Del. Chris Pritt has introduced House Bill 2333, the “Legal Tender Act.” This measure would establish gold and silver as legal tender in West Virginia, as well as create a nonrefundable tax credit for the use gold and silver in West Virginia on state taxes.
Arizona, Utah, and Wyoming have enacted similar measures into law. Idaho has considered this measure recently and a similar measure is expected to be heard before the Oklahoma legislature this year.
In recent decades, monetary gold and silver -- and dollars redeemable in gold and silver -- have been supplanted by the Federal Reserve Note as America’s currency. However, an increasing number of West Virginia citizens are realizing that holding gold and/or silver as a form of savings can help protect against the ongoing devaluation of the Federal Reserve Note.
Here are a few reasons why slapping an income tax on the monetary metals is wrong:
- Current West Virginia law assesses taxes on imaginary gains. Under current law, a taxpayer who sells precious metals may end up with a capital “gain” in terms of Federal Reserve Notes. This capital “gain” is not necessarily a real gain, it’s often a nominal gain that results from the inflation created by the Federal Reserve and the attendant decline in the dollar’s purchasing power.

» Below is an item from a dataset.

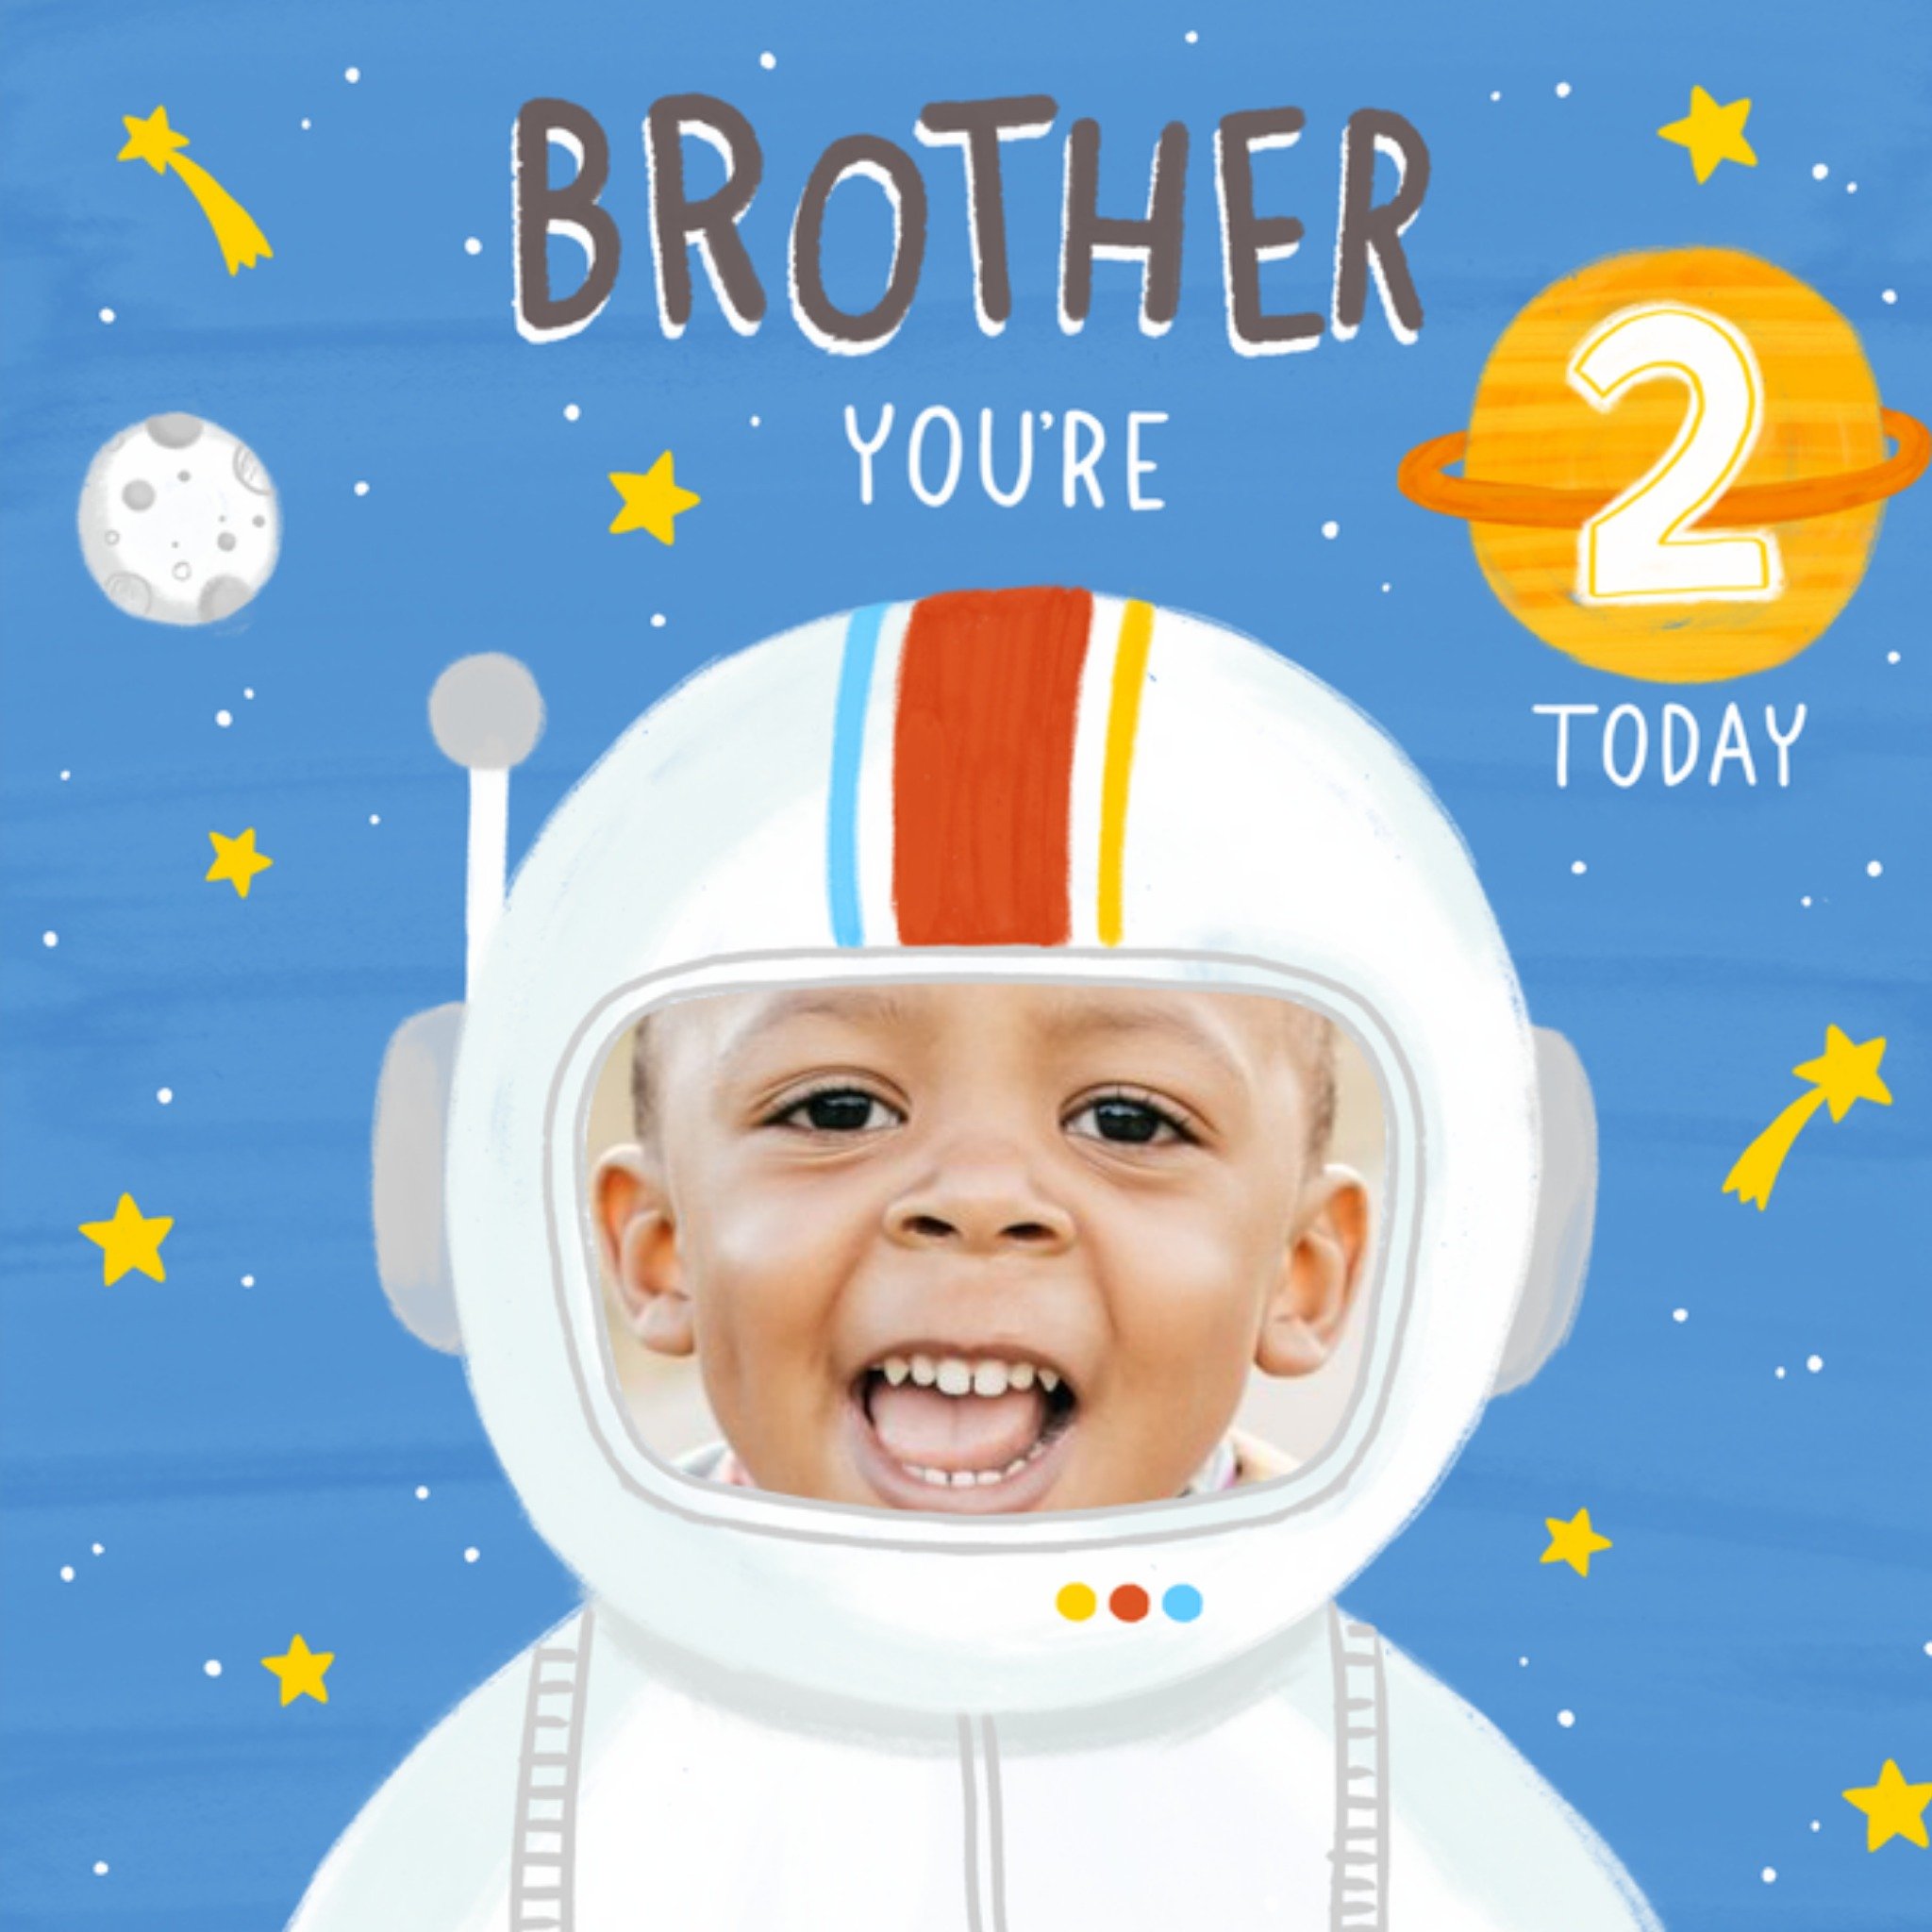 Moonpig Cute Brother Space Photo Upload 2 Today Birthday Card, Square

Yet this nominal gain is taxed at the federal level – and, because West Virginia uses federal adjusted gross income (AGI) as a starting point for West Virginia income calculations, this nominal gain is taxed again by the Mountain State.
- Inflation harms the poorest among us. Inflation is a regressive tax. The hardest hit are wage earners, savers, and pensioners on fixed incomes – as well as those who own few or no tangible assets.
- Taxing imaginary gains is harmful to citizens attempting to protect their assets. Investments in precious metals coins and bullion are rightly exempt from West Virginia sales tax. Neutralizing West Virginia income tax treatment of the monetary metals would remove the last major disincentive in the state that stands against the ownership and use of the monetary metals.
The Sound Money Defense League strongly supports this measure and is actively working with lawmakers in West Virginia to support House Bill 2333.
South Carolina, Mississippi, Missouri, Alaska, and Alabama are just a few of the other states fighting their own sound money battles in 2023.